In the 1960s, CIA technicians developed a microdot camera that clips to the edge of a desk. The device resembles a quarter with a vertical antenna. It can capture 11 images that fit on a period no bigger than the one at the end of this sentence.

Counter Spies

smithsonian museum 3d tour

During the Vietnam War, the CIA recruited Laotian trail watchers to count troops, weapons and supplies moving south from North Vietnam along the Ho Chi Minh Trail. Agency technical experts developed a hand-held counter for them, called the HARK, which was about as big as a present-day tablet computer and could transmit data to an airplane overhead. But since many of the watchers could neither read nor write, the CIA technicians used icons to represent soldiers, weapons, vehicles—even elephants. “The HARK I had an elephant,” Hiley told me. “We only have the HARK II,” which does not.

Signals in the Sand

smithsonian museum 3d tour

In April 1980, President Jimmy Carter sought to end the Iran hostage crisis by sending in Special Operations forces to rescue the 53 captives held in the U.S. embassy in Tehran. For the mission, the CIA developed a concealed landing light with an infrared coating to guide aircraft to a landing strip in darkness. The rescue attempt became one of the major failures of Carter’s presidency: The mission was aborted when only five of eight helicopters arrived intact at the staging area, and it turned into a disaster when a helicopter, its pilot blinded by sand kicked up by the rotors, crashed into a C-130 fuel transport plane and eight servicemen were killed. Despite the failure of the operation, the landing lights, which were modified marine buoys, worked as intended—and became prototypes of the runway markers Special Operations forces still use.

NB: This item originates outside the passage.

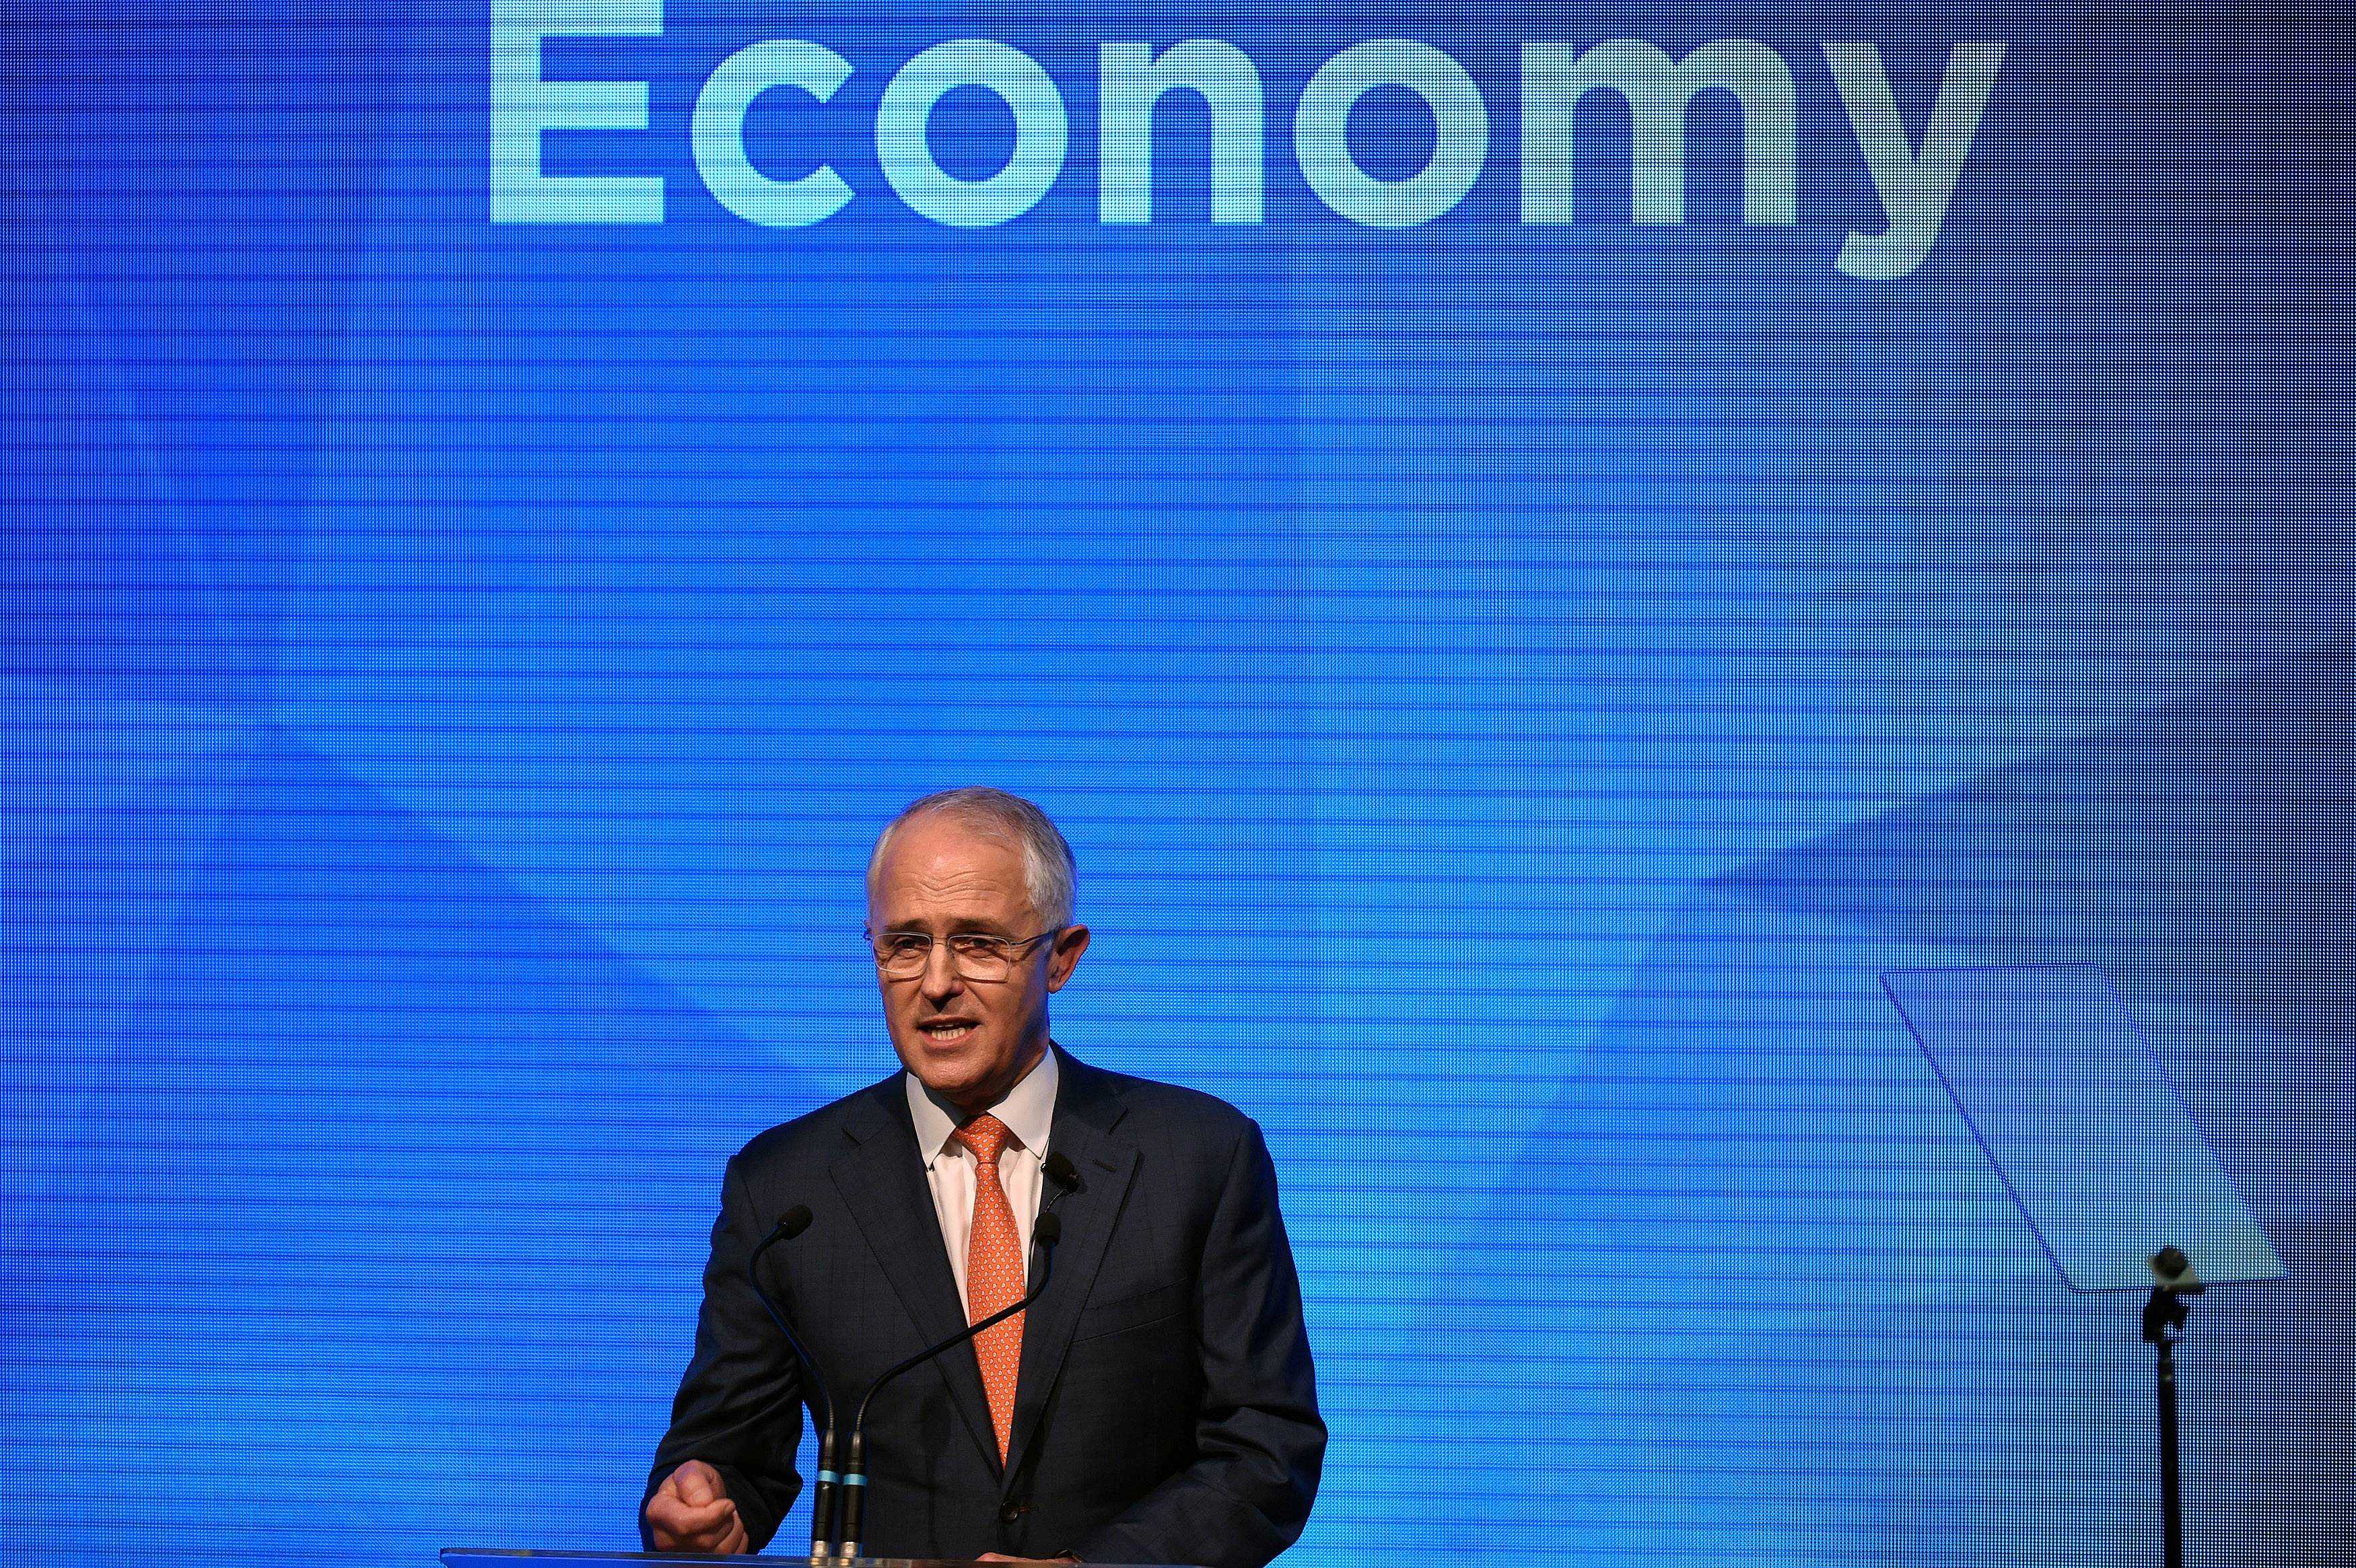 Australian Prime Minister Malcolm Turnbull addresses the Coalition Campaign launch in Sydney on June 26, 2016.  Turnbull used the chaos from Brexit to make a pitch for Australians to re-elect his coalition government, promising stability and strong economic leadership a week out from national polls to be held on July 2.  / AFP PHOTO / SAEED KHAN

The Tiny Eavesdropping Bug

smithsonian museum 3d tour

Developed by CIA’s Office of Research and Development in the 1970s, this micro unmanned aerial vehicle (UAV) was the first flight of an insect-sized vehicle (insectothopter). It was intended to prove the concept of such miniaturized platforms for intelligence collection.

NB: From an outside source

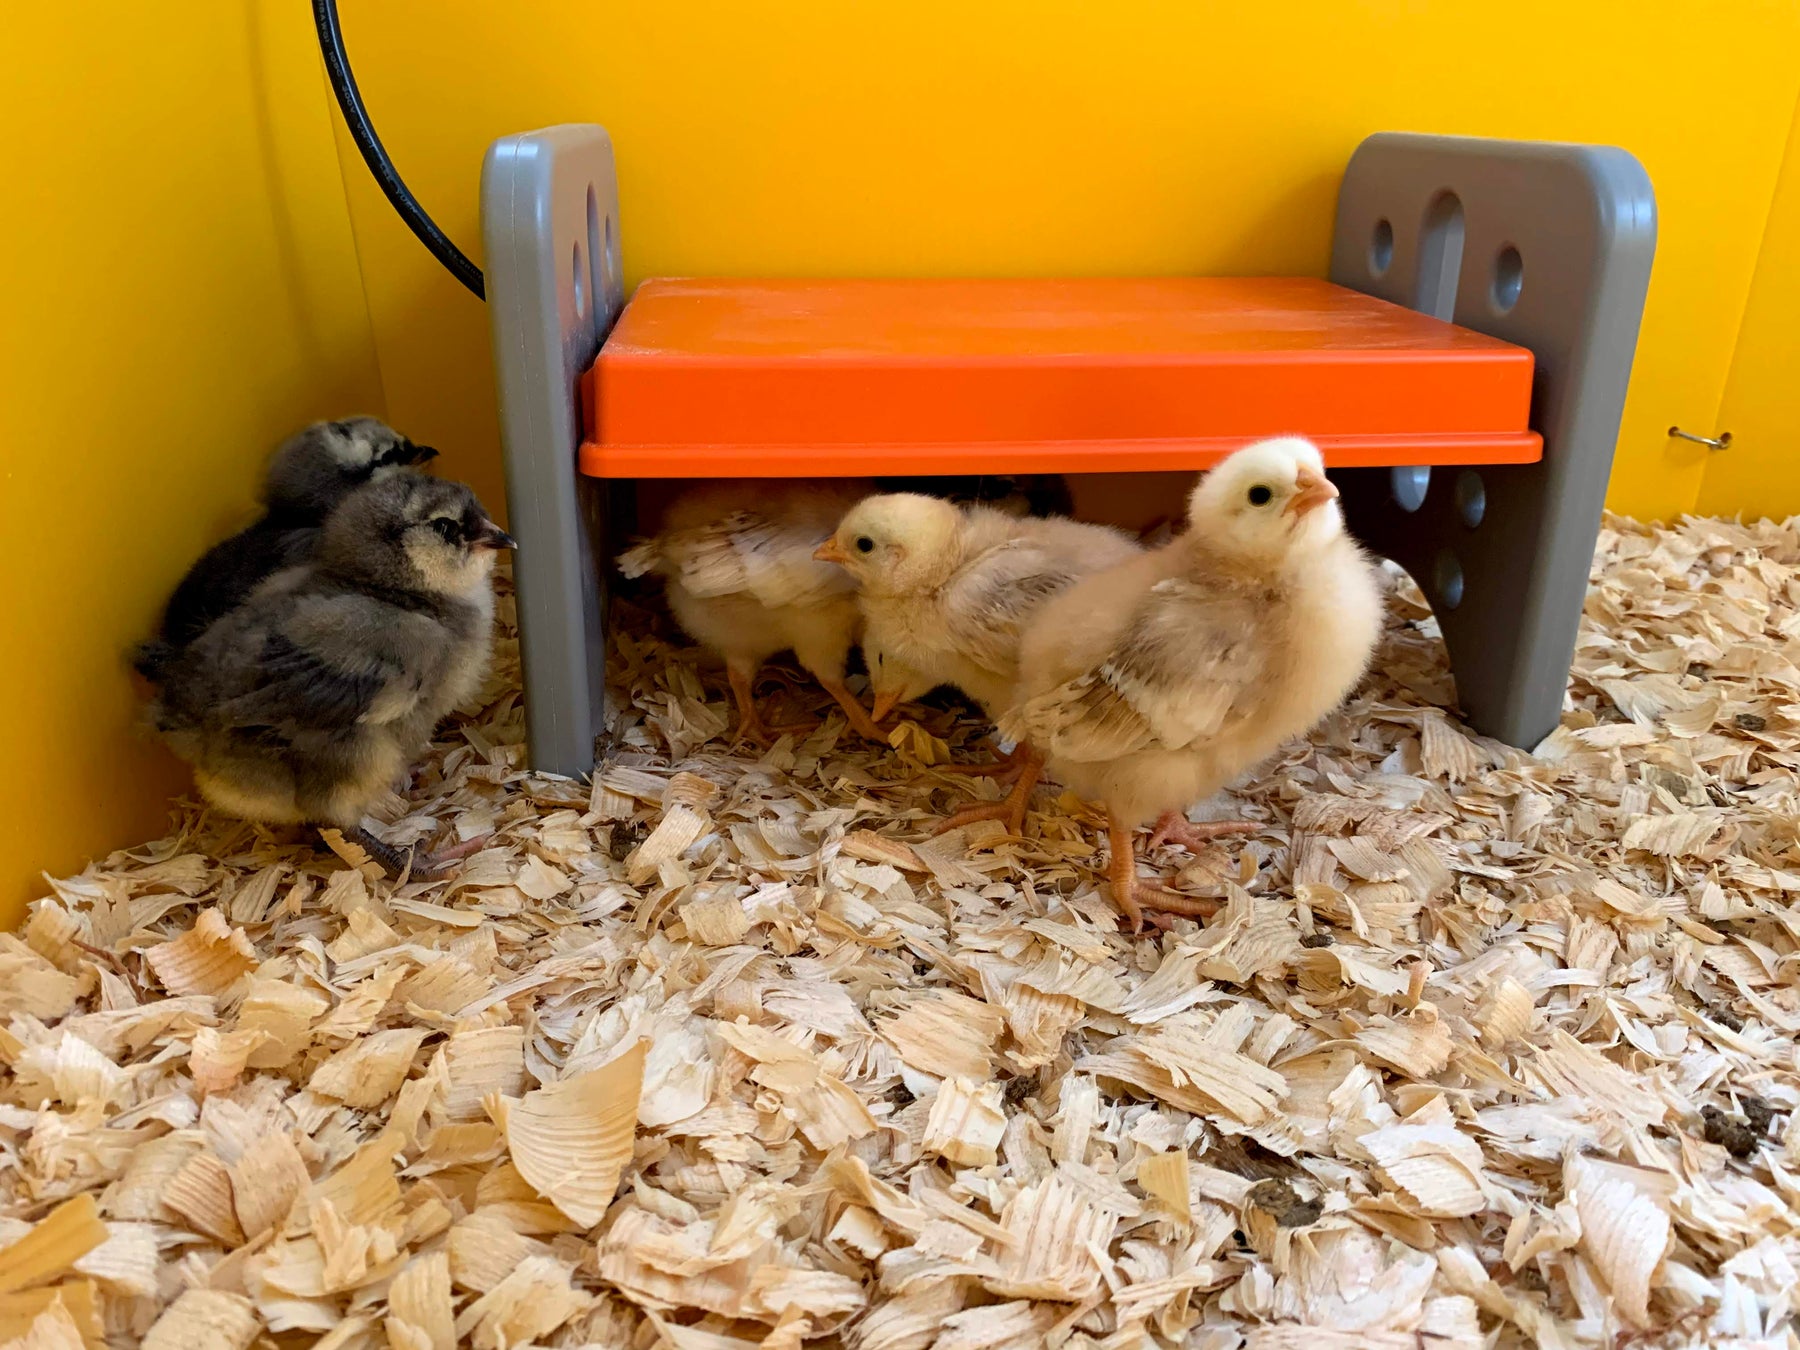 Your chicks need to stay warm, so if you're looking for an alternative to a heat lamp, here are some helpful solutions.

Insectothopter had a miniature engine to move the wings up and down. A small amount of gas was used to drive the engine, and the excess was vented out the rear for extra thrust. The flight tests were impressive. However, control in any kind of crosswind proved too difficult. -- T.A. Frail

1968 Flyaway Kit

smithsonian museum 3d tour

This briefcase contained the basic tools a photointerpreter might need to conduct imagery analysis in the field. --  T.A. Frail

Message in a Tube

smithsonian museum 3d tour

Lamson Corporation, Syracuse, NY, installed a pneumatic-tube mail-delivery system in the Original Headquarters Building (OHB) during its construction. The system had more than 30 miles of 4‑inch-diameter steel tubing. At that time, this system was one of the world’s largest.

The original system had about 150 receiving/dispatching stations throughout OHB. Shown here is one of the many vacuum-driven carriers that sped along the system, moving mail from one station to another.  The system operated from 1962 until 1989.

"Dead" Drop

smithsonian museum 3d tour

Communication between agents and their handlers always poses a risk. A “dead” drop allows secure communication by one person leaving and the other person picking up material later at a prearranged location. This eliminates the need for direct contact. 

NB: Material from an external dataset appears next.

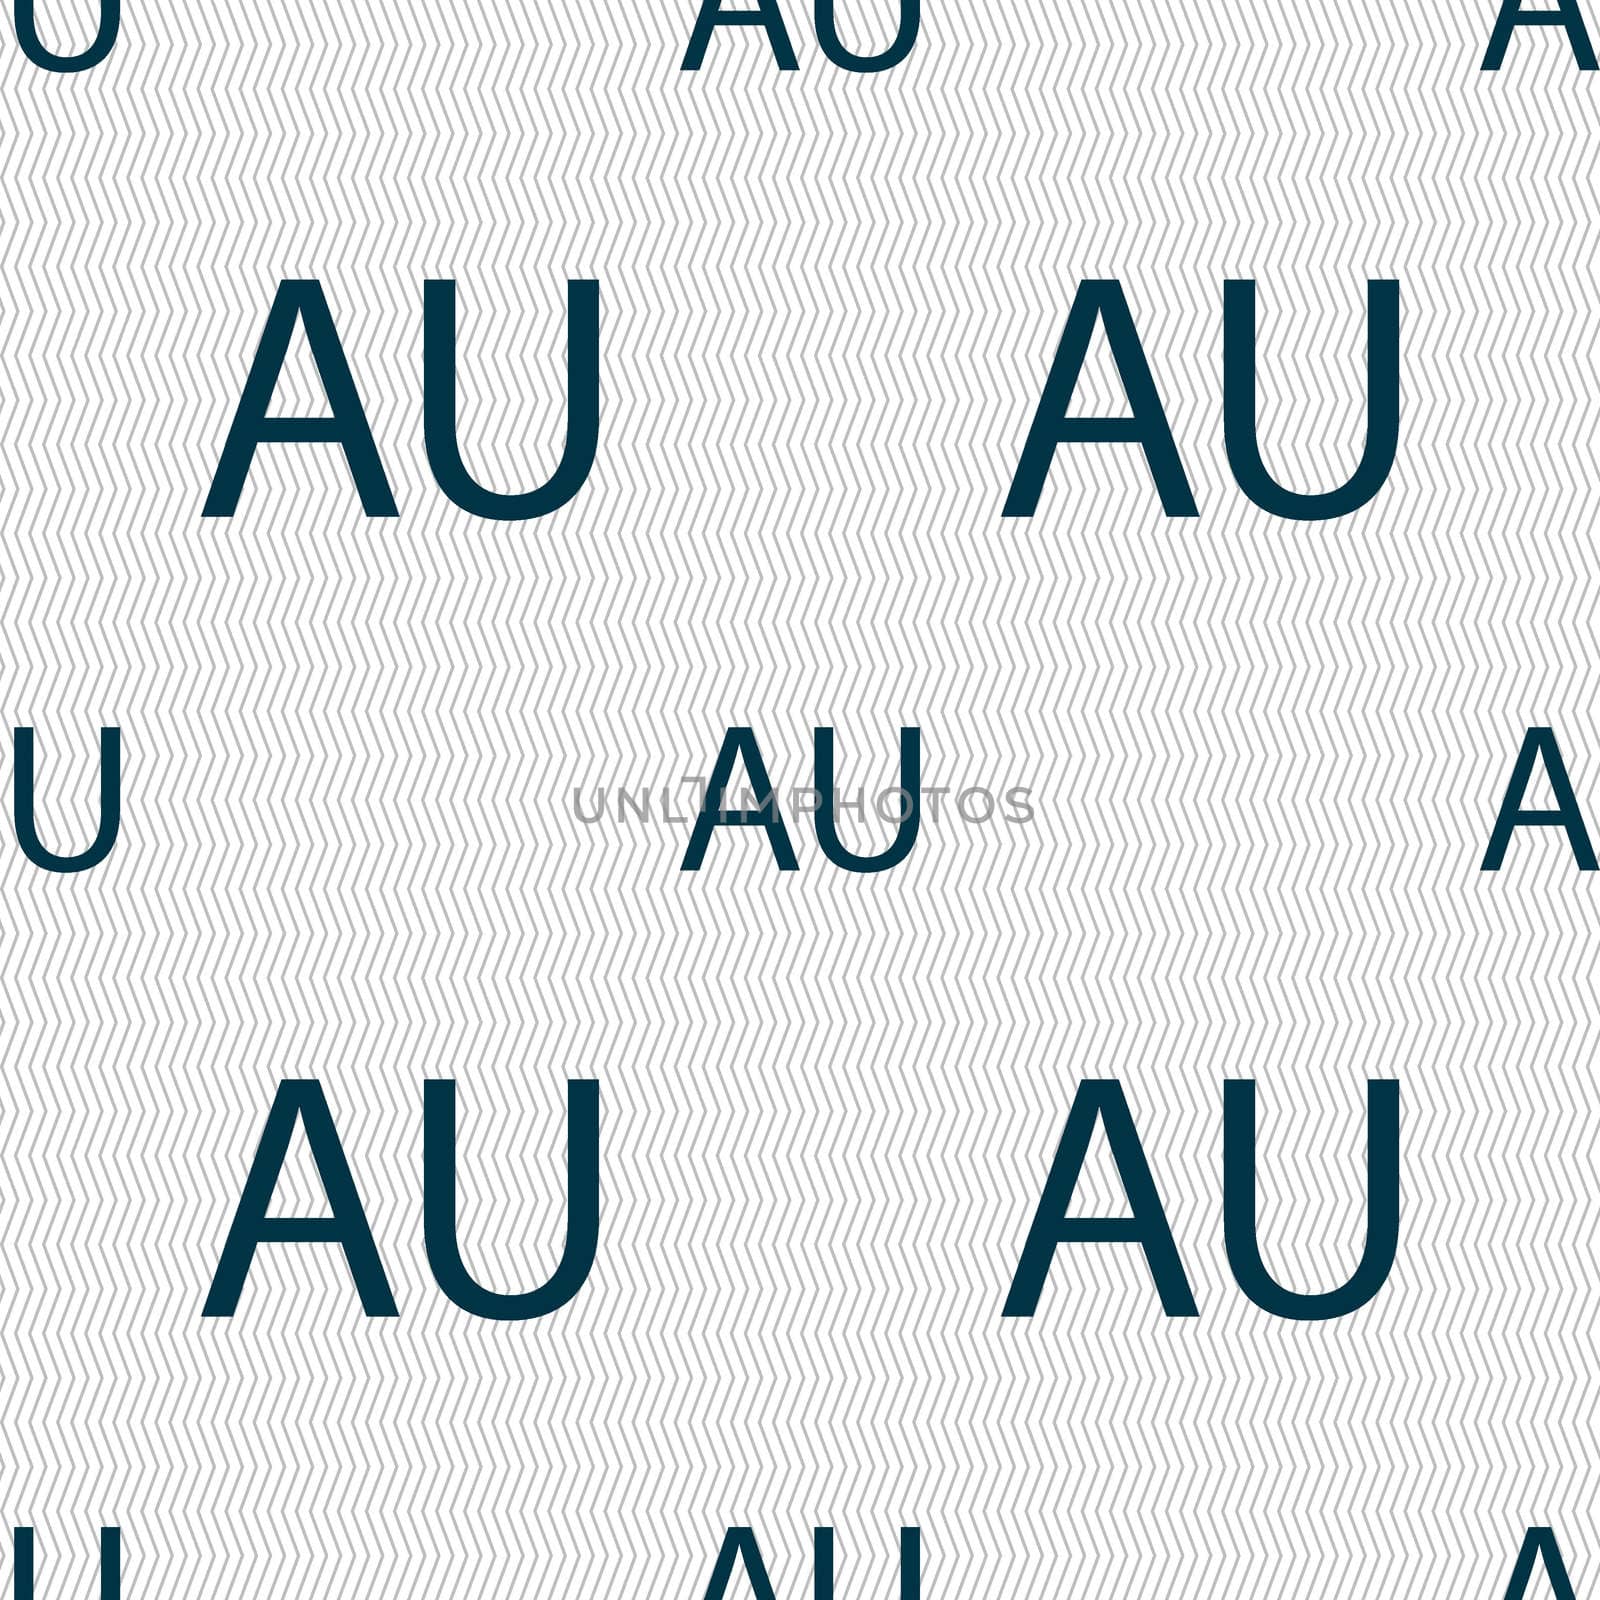 australia sign icon. Seamless abstract background with geometric shapes. illustration

What looked like a dead rat was actually a dead drop, used for sending or receiving communications between agent and handler. We are told the dead rat drop sometimes needed tabasco sauce poured on it to discourage cats from interfering with the exchange. --  T.A. Frail

World Trade Center Safe Drawer

smithsonian museum 3d tour

This safe drawer came from the rubble of one of the World Trade Center buildings.  Luckily, the safe occupants escaped safely before the building collapsed late in the afternoon on 11 September 2001.  An eyewitness described the recovery of the drawer: 

"When you think about breaking a steel safe…the force that crushed those buildings’ floors just must have been incredible…the drawer part was melted to the body part of the safe.  The temperature had been so hot [inside the building that] it literally melted the safe into one piece…they estimated that the temperature was something like 1,600° to 1,800°or 1,900°.…They found a little bit of paper, some identification badges, some hard drives, a few components of electronic equipment, some twisted pieces of safe, but they didn’t find very much.…Not when you considered how much was there."--  T.A. Frail

Hollow Spike Dead Drop

smithsonian museum 3d tour

This concealment device has been used since the 1960s to hide money, maps, documents, microfilm, and other items.  The spike is waterproof and mildew-proof and can be shoved into the ground or placed in a shallow stream to be retrieved at a later time. --  T.A. Frail

Tessina Model L

smithsonian museum 3d tour

This Swiss-manufactured Tessina Model L was a commercial, twin-lens reflex camera with adjustable focus, aperture, and shutter speed. A Cold War classic—its compact size made it ideal for bodyworn or other space-constrained casing surveillance operations. --  T.A. Frail

Museum Geography

Painting of the Old Masters, originals of Antiquity and the East, collection of casts

Today: 11:00-21:00, entry 20:00

Painting of the French Impressionists, Post-Impressionists and masters of the early XX century

Today: 10:00-17:00, entry 16:00

Sviatoslav Richter Memorial Apartment is located in Bolshaya Bronnaya Street 2/6, Apt. 58, Floor 16

Today: 14:00-20:00

Museion Educational Centre is located in the old city manor

Today: 11:00-18:00

The atmosphere of the artist’s life in Tarusa, films and documentary materials Workshop is located in Tarusa town, Paustovskogo street, 15

Today: is closed

the branch occupies an architectural landmark dating back to the mid-19th century — the Arsenal of the Nizhny Novgorod Kremlin. Today the Arsenal is a space for an artistic communication of professionals, experts, and contemporary art lovers.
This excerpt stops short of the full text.